Beginning with the Ninth Amendment (“The enumeration in the Constitution, of certain rights, shall not be construed to deny or disparage others retained by the people.”), amplified with judicious references to State constitutional ratifying debates, Barnett shows how economic liberty, along with personal liberty, was not far from the hearts of the Founding generation. Good stuff but nothing new.
Better is Barnett's deft analysis of the interplay among the Thirteenth Amendment (abolishing slavery), the Civil Rights Act of 1866, and the Fourteenth Amendment (protecting the privileges and immunities of citizens). He grounds his conclusion that with the Civil War Amendments the states too are prohibited from denying their citizens the benefits of economic liberty. Of course, Barnett acknowledges, the Supreme Court obtusely rejected what was obvious only five years later in The Slaughter House Cases and has never gotten things back on track.

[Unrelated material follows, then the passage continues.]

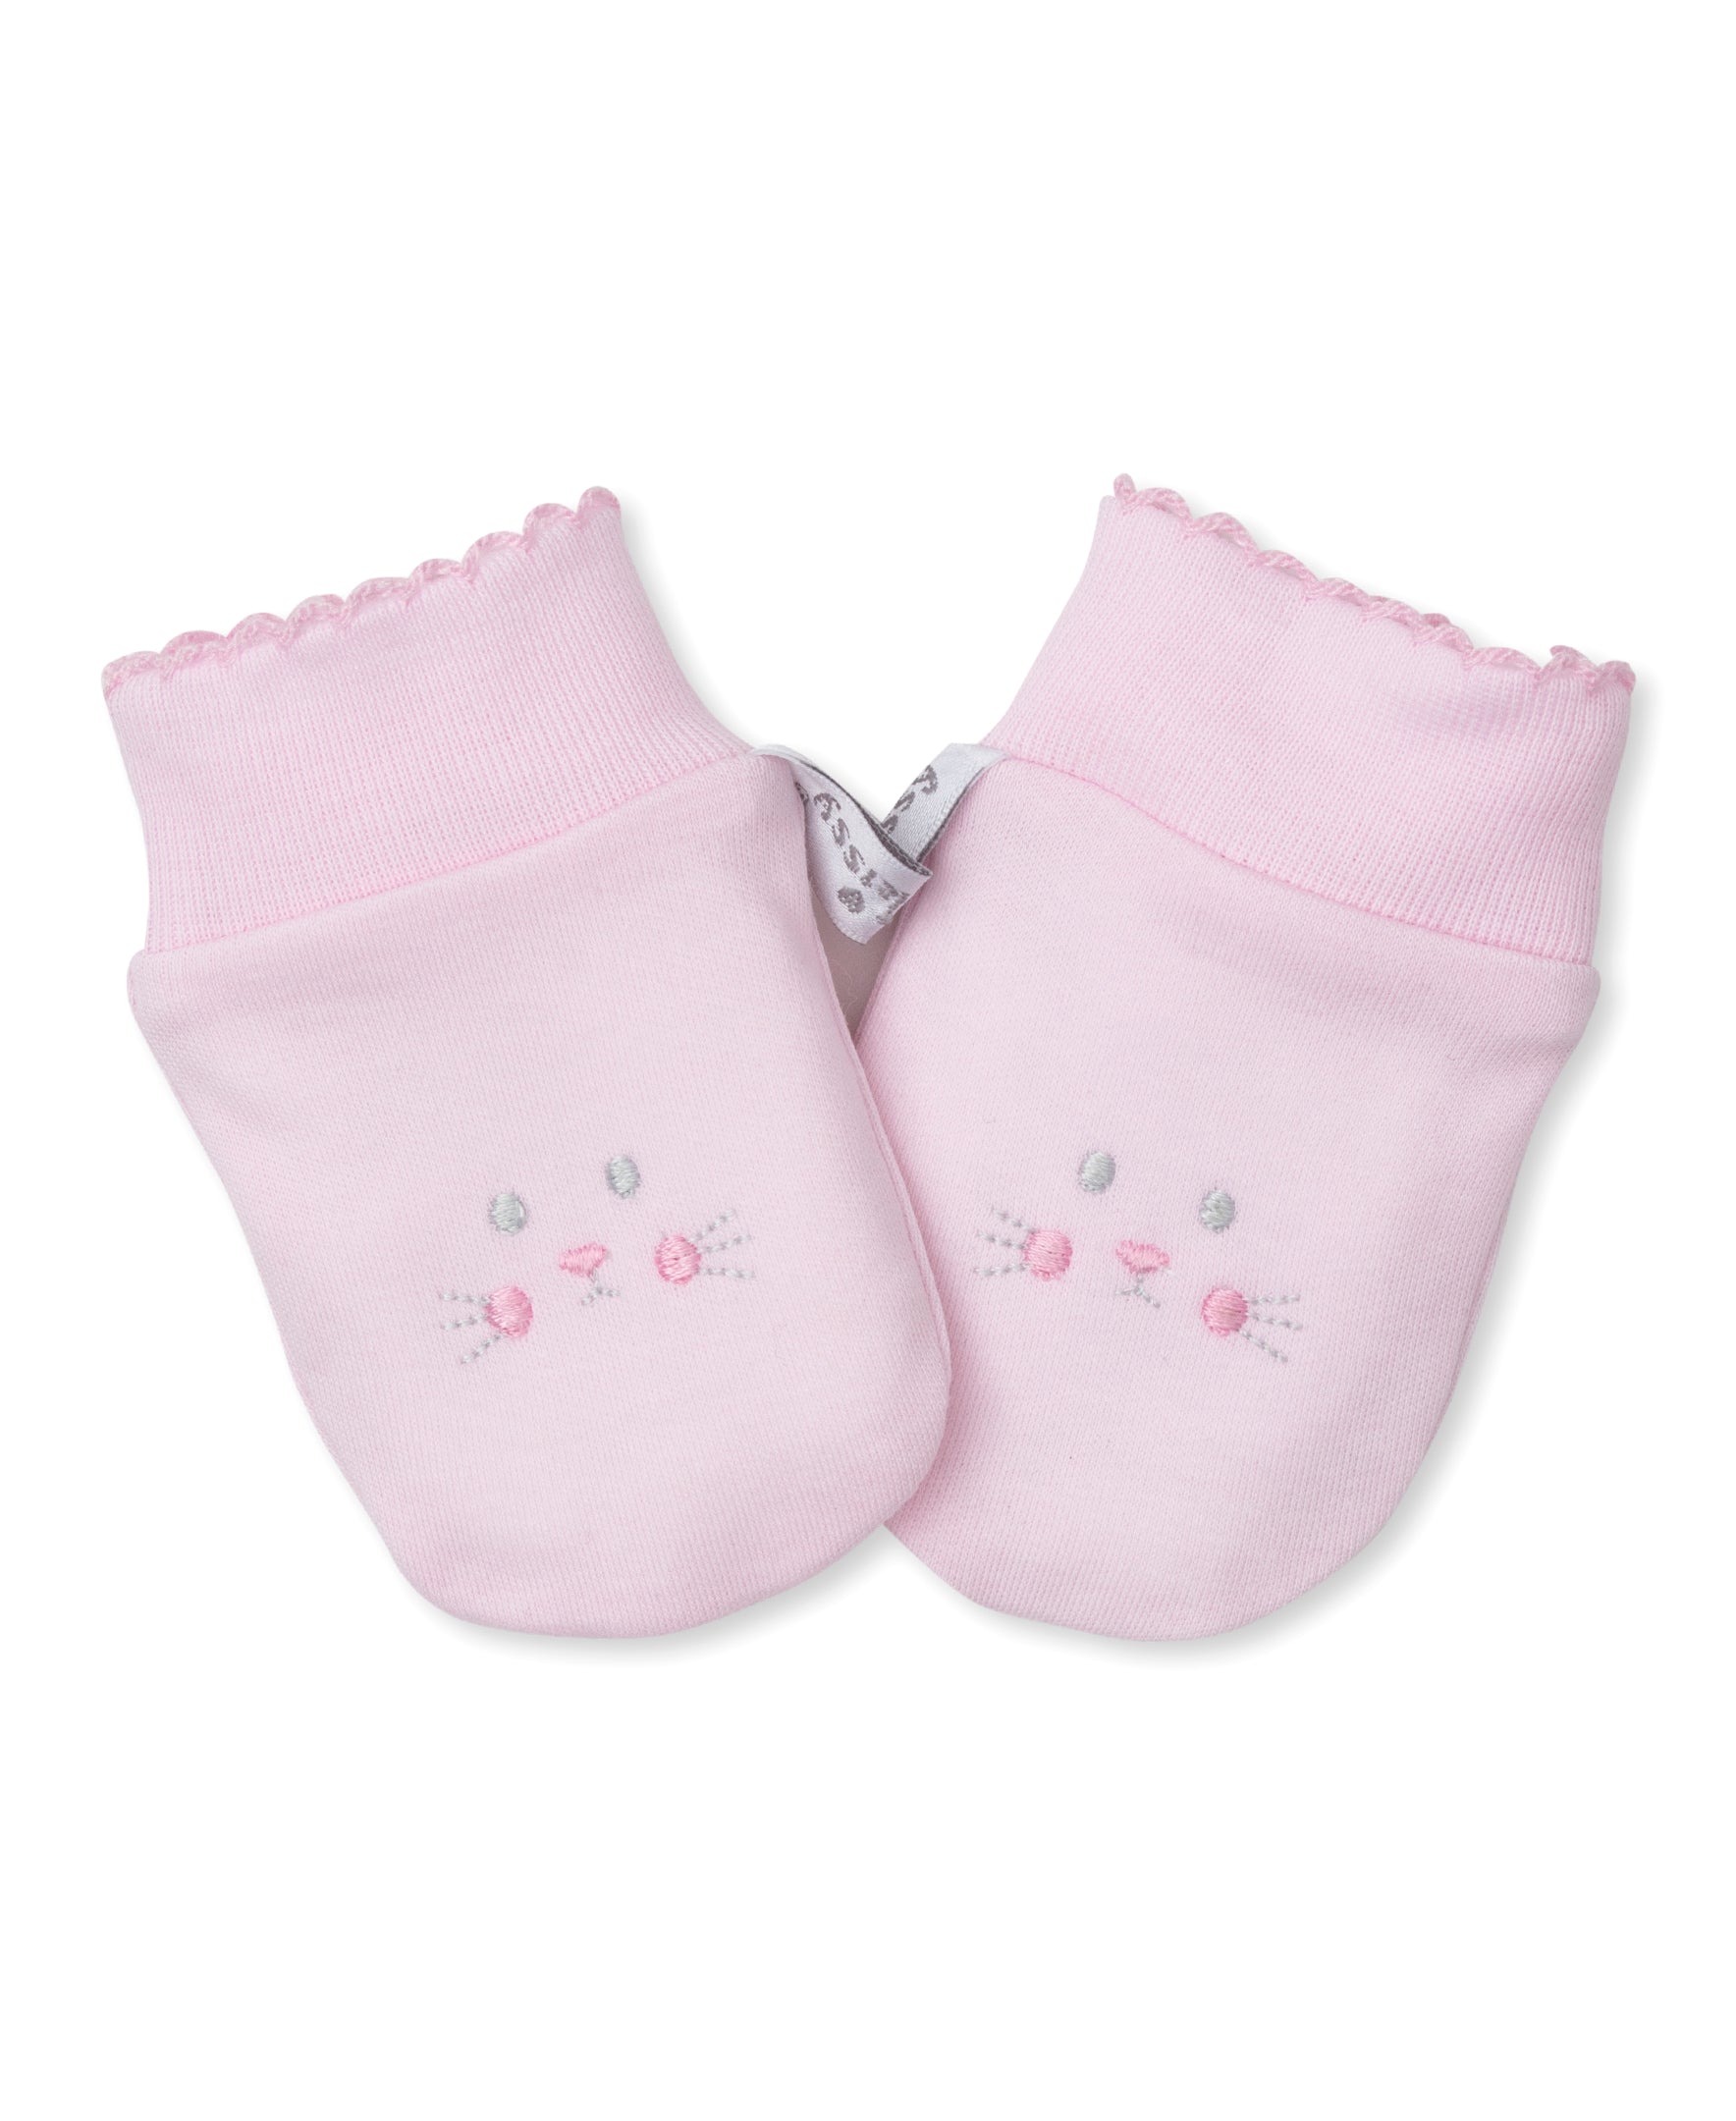 Cottontail Hollows Pink Mitts - Kissy Kissy

Does all this mean in Barnett's view of the matter that there is no role of the states in regulating economic liberty or, more germane to my interests, contracts? No. Just as states may impose reasonable time, manner, and place restrictions even on freedom of speech, so too may they impose limits on contracts ("prescribing the manner of the exercise" of the right to contract).

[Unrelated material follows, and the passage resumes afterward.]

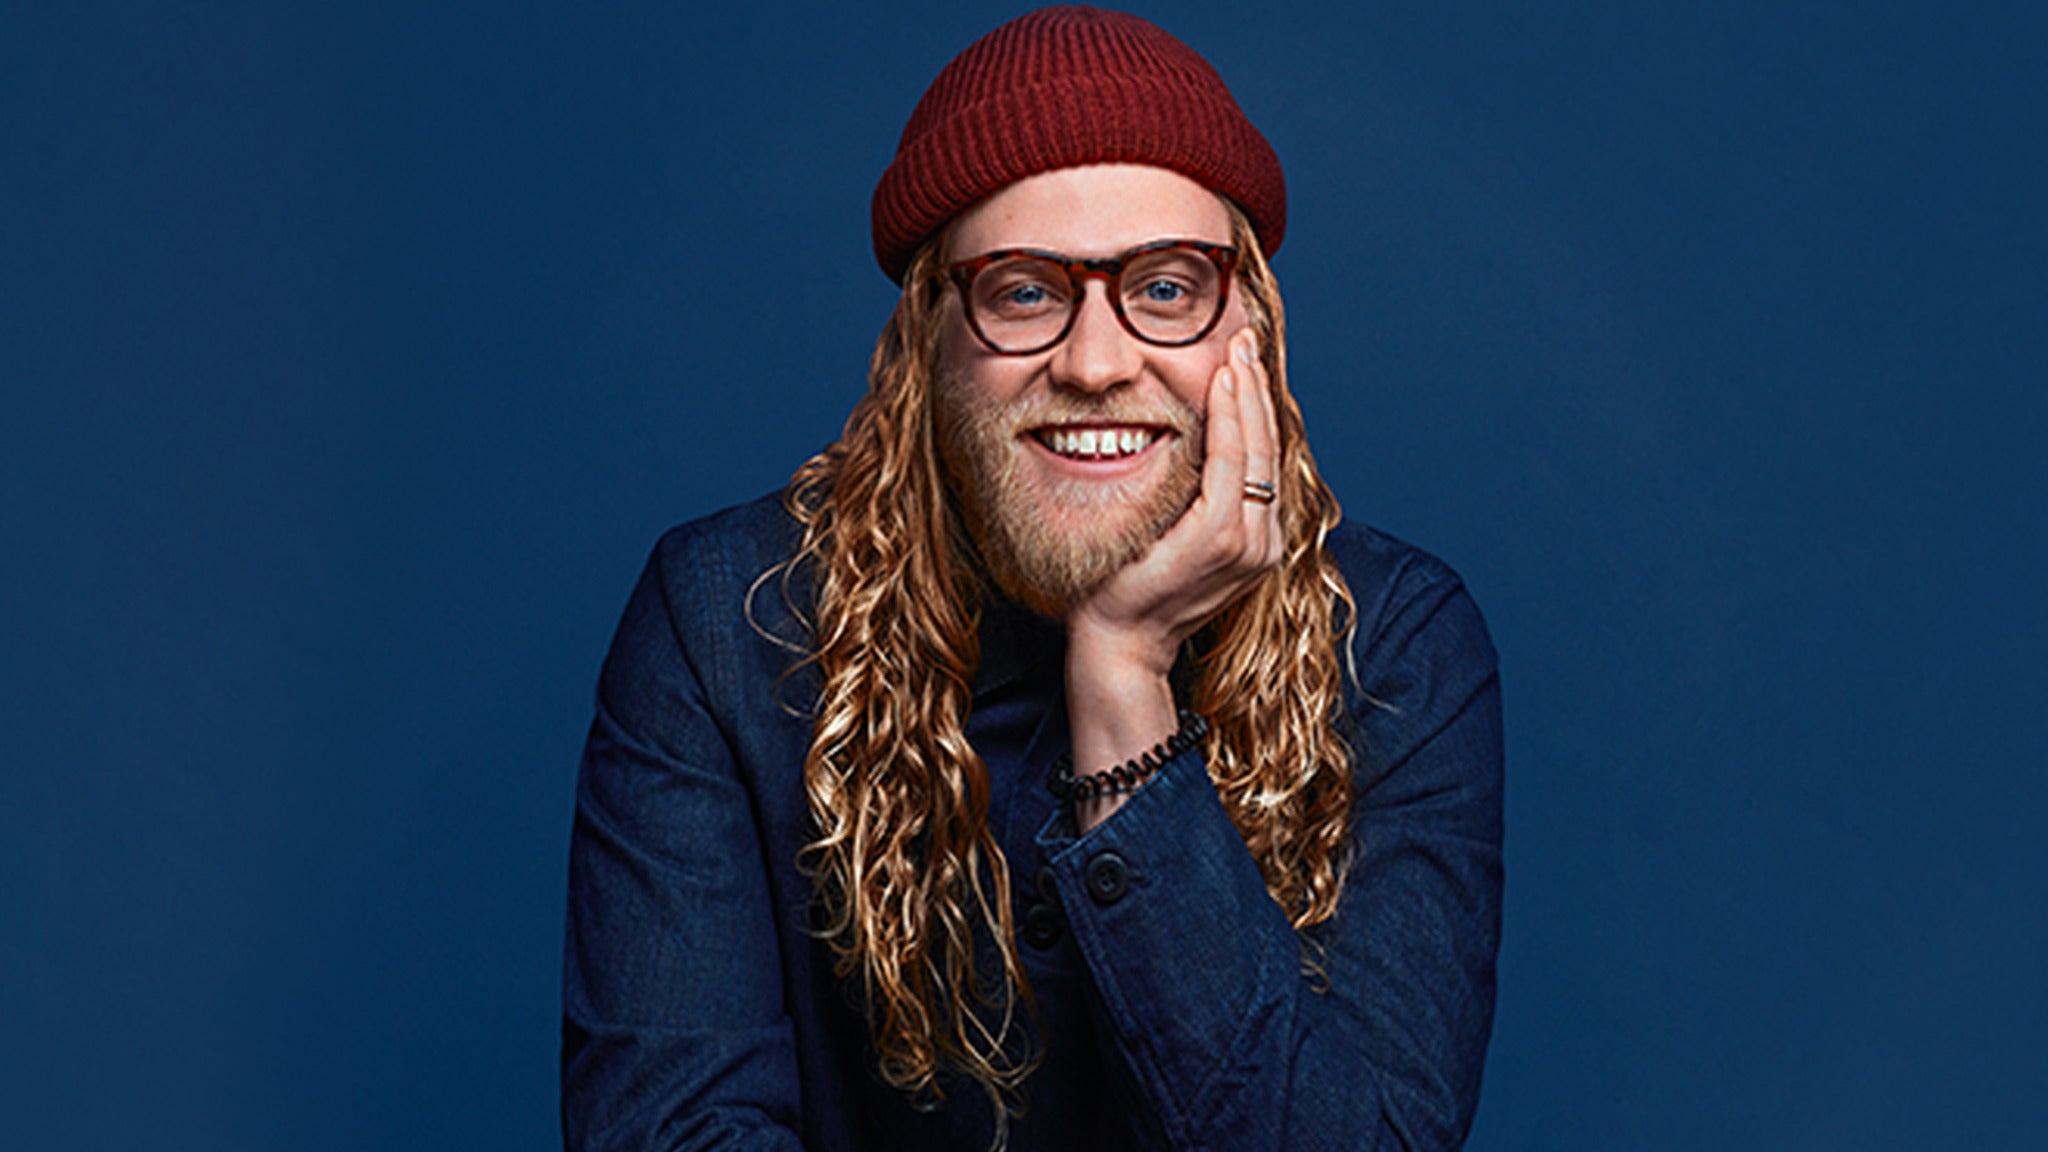 Image used with permission from Ticketmaster | Allen Stone tickets

All very invigorating to those bent in the libertarian direction but what about Art. I, Sec. 10, cl. 1 of the Constitution? (Which, as I'm sure everyone knows, provides that "no State shall ... pass any law ... impairing the obligation of contract.") Are we to understand by Barnett's elegant trail from the Ninth to the Fourteenth Amendments that since 1868 the states have had less power over contracts than they had for the preceding 80 years? Seems a bit of a stretch, if you ask me.
I have no doubt that the Supreme Court made a seriously wrong turn in The Slaughter House Cases; the Privileges and Immunities clause of the Fourteenth Amendment--and not Due Process or Equal Protection--was intended to protect our liberties from legislative overreach. And I also have no doubt the Thirteenth Amendment provided a constitutional basis for the Civil Rights Act of 1866. What I doubt is that the Fourteenth Amendment meant to protect (whatever exactly "protect" means) anything as broad "economic liberty."

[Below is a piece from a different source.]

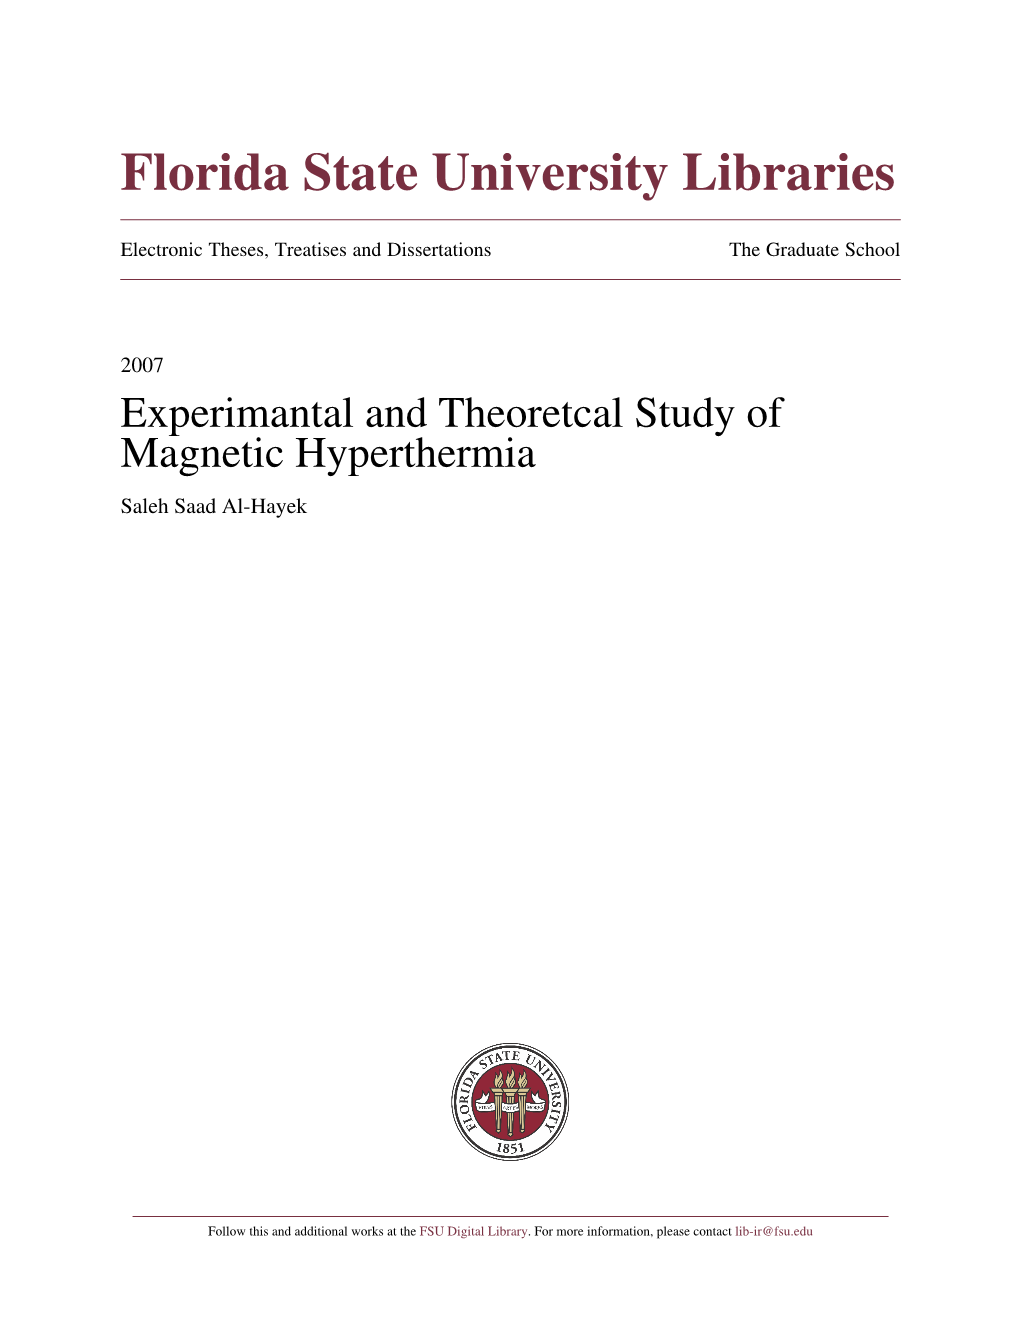 Experimantal and Theoretical Study of Magnetic Hyperthermia

All hat and no cowboy? No, I won't go that far but, as much as I'd like to conclude otherwise, I think Barnett has overshot the constitutional mark in this essay.
The famous yet maddening list of rights from Corfield v. Coryell, to which the framers of the 14th pointed repeatedly yet vaguely during floor debates, includes "the right to acquire and possess property of every kind...The right of a citizen of one state to pass through, or to reside in any other state, for purposes of trade, agriculture, professional pursuits, or otherwise...to institute and maintain actions of any kind in the courts of the state; to take, hold and dispose of property, either real or personal; and an exemption from higher taxes or impositions than are paid by the other citizens of the state..." Those are rights in the Corfield list that touch on economic matters. What makes the list maddening, tho', is that: 1. it's dictum, 2. it's open-ended, 3. it has repeated "reasonable regulation" qualifiers, and 4. it's demonstrably over-inclusive, as when it includes "the elective franchise." Maybe Justice B. Washington only meant that a former resident of State A cannot be permanently disenfranchised after he switches domicile to State B, but still, it seems to me he's prematurely listing a political ritht among civil rights, at a time when a sharp distinction was still made between these two types of rights. Nonetheless, Corfield is the most detailed ante-bellum gloss on Privileges and Immunities, and Rep. Bingham and Sen. Howard said to refer to it.